I bought a used lathe a few years ago (very old, for about 100$). I am partly ashamed to say I haven't used it yet!


----------



## BernieW (Sep 12, 2006)

I had the same problem with cheap tool rests. I bought the Robust tool rests for my Nova lathe and for my mini Jet lathe. I haven't looked back since. I have had them now for several years and still give good service with no catching or slipping. You can check this site out. For 16? Lathe with 1? Diameter Post | Robust Woodturning Tools 

For 10? or 12? Mini Lathe Tool Rests ? 5/8 or 16 mm Diameter Post | Robust Woodturning Tools

For my Jet I have a 3" and 6". For my Nova I have the 4" and 9" comfort rest.


----------



## Garyk (Dec 29, 2011)

You are on the right track.

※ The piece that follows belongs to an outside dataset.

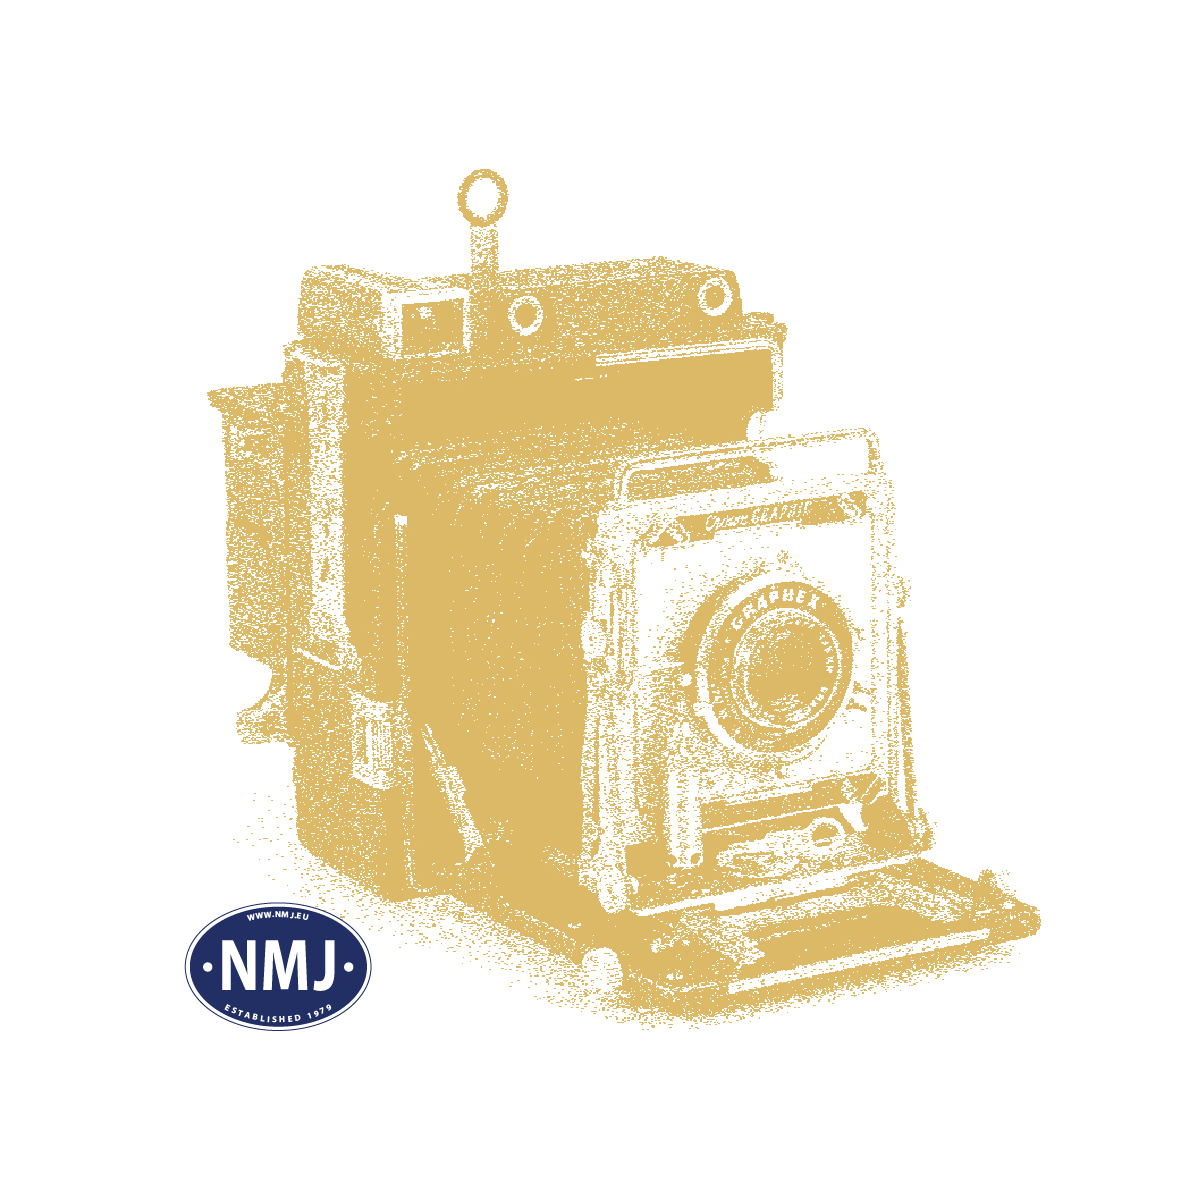 "NMJT90208 - NMJ Topline MAV M61.010, ""NMJ Special"", DC"

Taking a file and working the top of the tool rest to get the casting burrs off is a common practice with wood turners. I prefer using the round stainless steel rest for smaller turnings (pens, bottle stoppers & etc) but go back to the standard rest for larger jobs. I suggest joining a turning club if that is an option for you. Most clubs have mentors to help beginning turners. Watching the various demonstrations by pros or advanced turners will help you get started on the right foot. You will find that the pros all develop their own methods for turning, sharpening and etc.but the basics will remain the same. A good DVD for beginning turners are those by Bonnie Klein. She specializes in small turnings and holds many classes each year for younger turners (not guessing your age, just saying she keeps it simple and useful). Her small doesn't mean useless, she makes a living turning, it's just that she has developed a unique style of teaching. Start simple and work your way up. Good luck....


----------



## MEBCWD (Jan 14, 2012)

Charlie,

Welcome to the Router Forums.

If you are having a lot of trouble with nicks in the tool rest and just keep getting more nicks then the material the rest is made of is too soft. An upgrade like Bernie suggests is the best thing you will ever do. There are other after market rests for sale so shop around but look for a quality product to get a life time of use out of it.


----------



## Cherryville Chuck (Sep 28, 2010)

It's also a good idea to read some good books on the subject. I have one by Mike Darlow that is very good because he tells you the science behind his methods. http://ri.search.yahoo.com/_ylt=A2K...w_c20627/RK=0/RS=CK_BpM.IvvgtpMaU6lNS4YcoPqs-
Richard Raffin is also a good choice.


----------



## Shop guy (Nov 22, 2012)

Lots of good videos on YouTube.


----------



## neville9999 (Jul 22, 2010)

I have bought my VL175 and it just sits there, I have then big bench project so I just can't spend time on the lathe, when the bench is finished then I am going tom modify the lathe, close it in and work out a way to keep the mess under control, when that's done then the lathe will run all thew time, I talk about sharp tools all the time and there is an art in getting lathe tools sharp, sharp tools cut with ease and they don't have to be forced. use a file to clean up the rest as any divots can retard the movement of the tool however the real deal is sharp tools and practice, if you are having catches then its your technique that needs a tune up, sharp tools and smooth control, you need the bevel to rub gently along the work piece, when it does not then you get a catch so it really is practice practice practice, sharp tools ans a smooth face to the rest is also important. N


----------



## Charlieham42 (Sep 30, 2013)

Thanks for your help and advice, everyone! I appreciate your ideas.

Charlie


----------